Na początku czerwca Komisja Rewizyjna rozpatrzyła sprawozdanie z wykonania budżetu przez Gminę Miasto Płock w 2024 r. Naturalnie wiąże się to z głosowaniem nad udzieleniem absolutorium prezydentowi. Ten punkt znalazł się w planie obrad podczas czerwcowej sesji rady miasta.
Budżet początkowo przewidywał dochody w wysokości 1 mld 383 mln 805 tys. zł. Wydatki oceniono na 1 mld 449 mln 743 tys. zł. Zakładany deficyt miał wynieść niemal 66 mln zł.
W wyniku decyzji podejmowanych przez radę miasta czy zarządzeń prezydenta, ostateczne liczby nieco różniły się od tych pierwotnie zakładanych.
- Plan dochodów wykonano w kwocie 1 mld 583 mln 760 tys. zł. Plan wydatków wykonano w kwocie 1 mld 550 mln 694 tys. zł - relacjonowała przewodnicząca Komisji Rewizyjnej, Marta Krasuska.

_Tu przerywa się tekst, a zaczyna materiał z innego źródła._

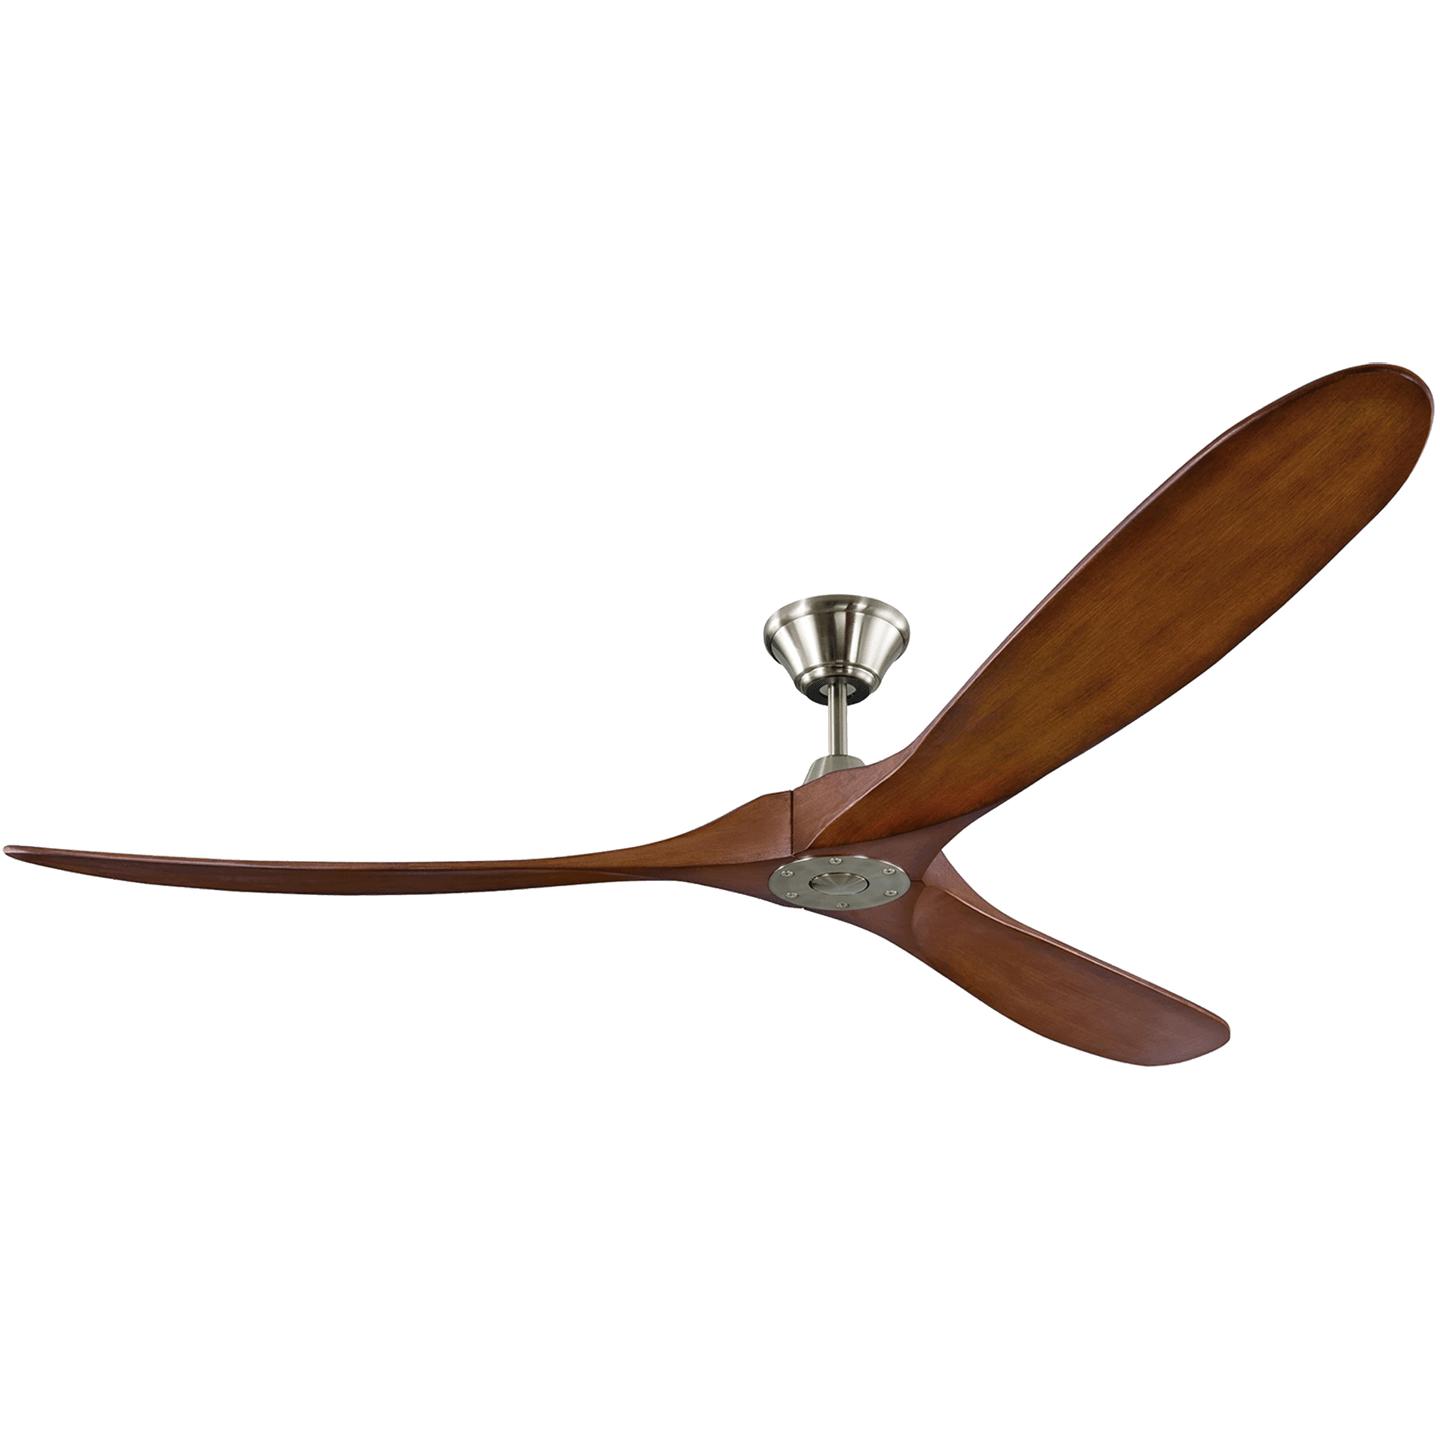 Купить Потолочный вентилятор Maverick 70" Ceiling Fan в интернет-магазине roooms.ru

Oznacza to, że 2024 r. zakończył się nadwyżką w wysokości ponad 33 mln zł.
Dyskusja nad absolutorium. PO i PSL za, PiS przeciw
Po zakończeniu części formalnej, przyszedł czas na dyskusję.
Skłonni udzielić prezydentowi absolutorium, bez zaskoczenia, byli członkowie dwóch partii mających większość w płockiej radzie miasta - Platformy Obywatelskiej oraz Polskiego Stronnictwa Ludowego.
- Z satysfakcją odnotowujemy, że konsekwentne i profesjonalne działania prezydenta i jego współpracowników przynoszą bardzo dobre efekty, które przekładają się na zaspokajanie potrzeb i dynamiczny rozwój miasta. Warto podkreślić, że środki, którymi dysponuje nasz samorząd są z roku na rok coraz większe. Realizowane są duże i spektakularne inwestycje. Zadłużenie Płocka maleje, a finanse są w bardzo dobrym stanie - mówił przewodniczący płockiego klubu radnych PO, Roman Siemiątkowski.
Z podobnym stanowiskiem nie zgodził się klub radnych Prawa i Sprawiedliwości.
- Usłyszeliśmy trochę laurek w kierunku prezydenta, teraz czas na powrót do rzeczywistości. Płock wymiera, przyrost naturalny -6. Jesteśmy miastem bez wizji na przyszłość i jedyne co u nas dobrze działa to machina PR-u skupiona na promowaniu naszego prezydenta, na którą idą grube miliony. Pan prezydent bardzo ładnie ściska dłonie, robi zdjęcia i rozdaje dyplomy, ale poza gabinetem przerasta go jakiekolwiek zabieganie o sprawy Płocka centralnie - komentował przewodniczący płockiego PiS-u, Szymon Stachowiak.
Ponownie przywołał również m.in. temat Centrów Integracji Cudzoziemców czy planów na CPK.
- Uważam, że gdyby kiedykolwiek tutaj stanęło popiersie Andrzeja Nowakowskiego, powinniśmy na nim napisać Andrzej "To nie jest moja kompetencja" Nowakowski - skwitował Stachowiak.
Mimo kontrowersji, prezydent uzyskał absolutorium. "Za" było 16 radnych, 7 zagłosowało "przeciw".